Shorter week with the Columbus Day holiday, but it usually seems longer to me. The cleaners are coming this morning and I've been running around like a crazy person trying to pick up before they arrive and I go to spin. It will be SO awesome to come home from grocery shopping to a clean house. I can focus on prepping lunches and meals and make something good for dinner before I have to assume chauffeur duties this afternoon. So much for my "day off".
I feel much more positive about my older daughter this week. I met with her teachers and guidance counselor. They are encouraged about her classroom performance and if we can push the homework just a bit, I think she'll see her grades improve. I am PRAYING for Cs and thinking she may even push out a couple of Bs... I know it's hard for her, but I also know she's capable and it would be such a confidence boost to finish the trimester on a high note. If we can just kill the drama life would be better for her. She told me last night that she misses her former best friend. I feel sad for her and I know how I felt when I was ditched around her age. It is a lonely, empty feeling. I don't want to project my experience on her and I try to encourage her to focus on her activities and the friends she has now. It is tough to be a mom.

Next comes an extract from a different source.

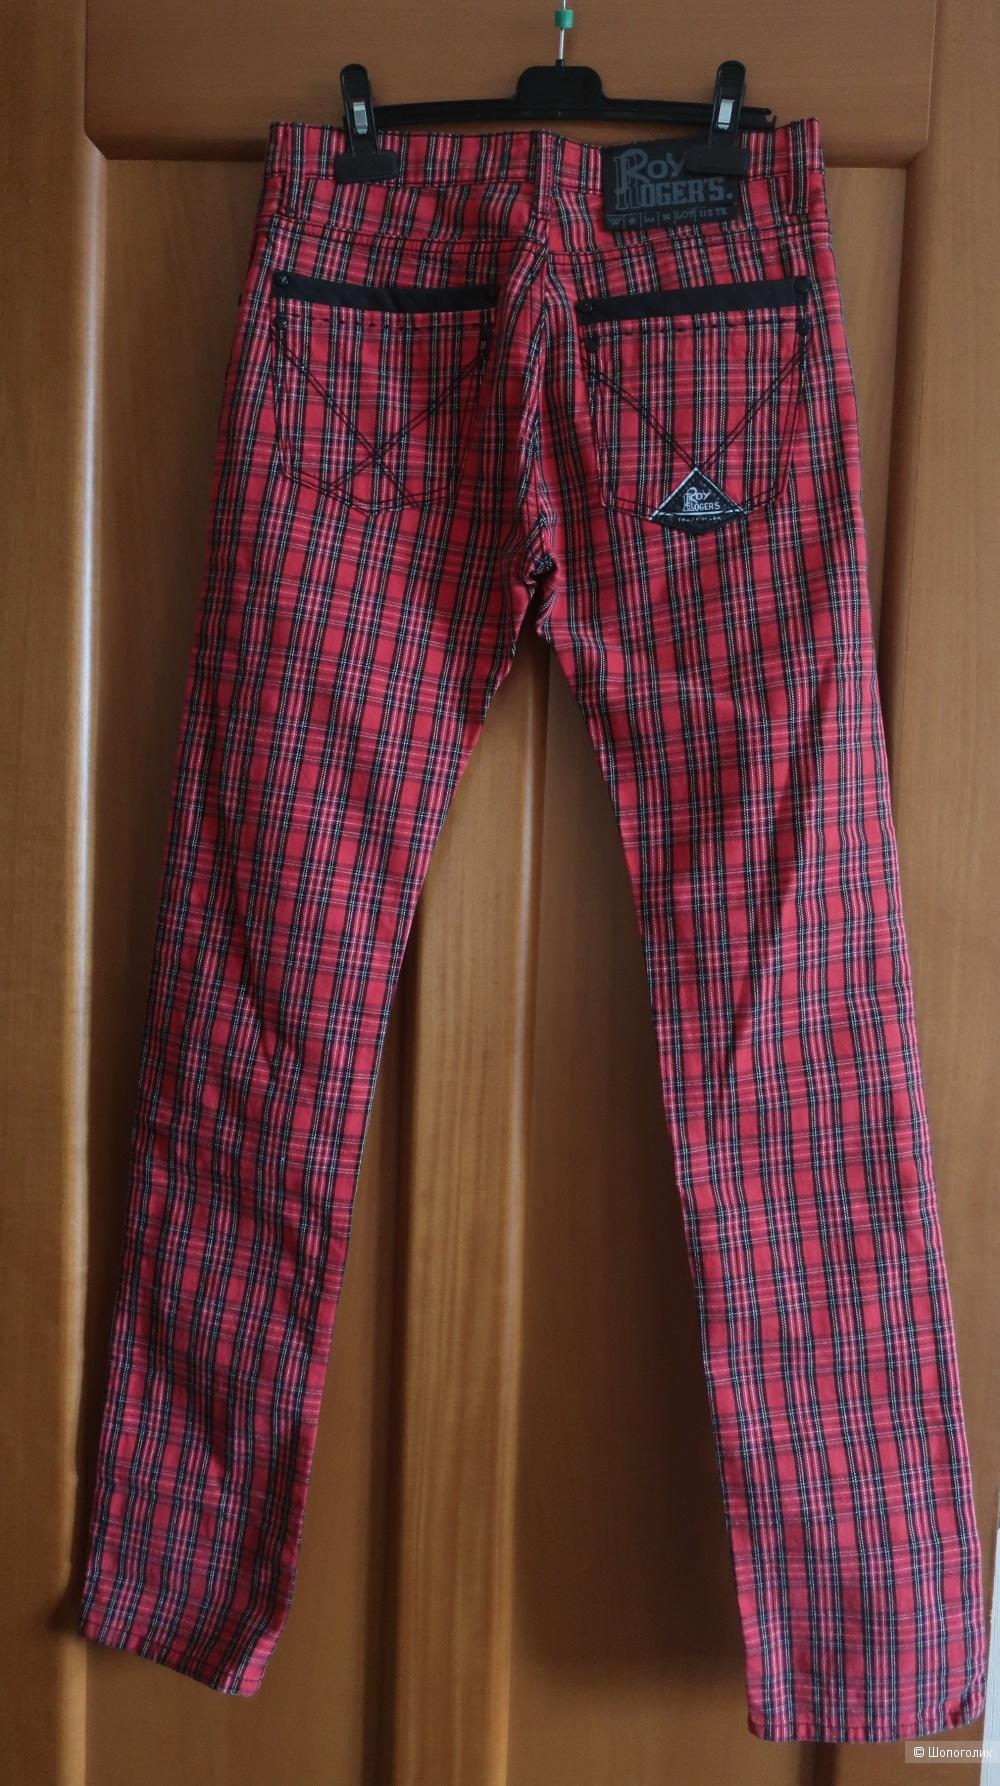 ROŸ roger'S, брюки, размер 36EU/16 лет

On another note, my DH has jumped into this diet with both feet. The hypnosis appears to be working. He was actually talking to me about the affects of artificial sweeteners on insulin levels and how it contributes to obesity and that it totally makes sense (who is this person? and clearly he hasn't been listening to me!). He's said that this will be his biggest challenge since he's used to drinking Diet Coke all day long. He called yesterday the beginning of his TRANSFORMATION and he wondered how he would know when he could transition to maintenance without stepping on the scale... You'll know...
Last night I was reminded why we are both doing this. He has such bad apnea (something else he ignores me about). It worries me, but I hope that it will improve as the weight drops - or else I tell his doctor myself! He needs to be healthy. I can't get these kids to adulthood by myself!
I ran yesterday. I need to get a PT appointment. I keep putting it off, forgetting - until I spend the night tossing and turning because my hip hurts so much. I am sure it will be even better tonight after my spin today!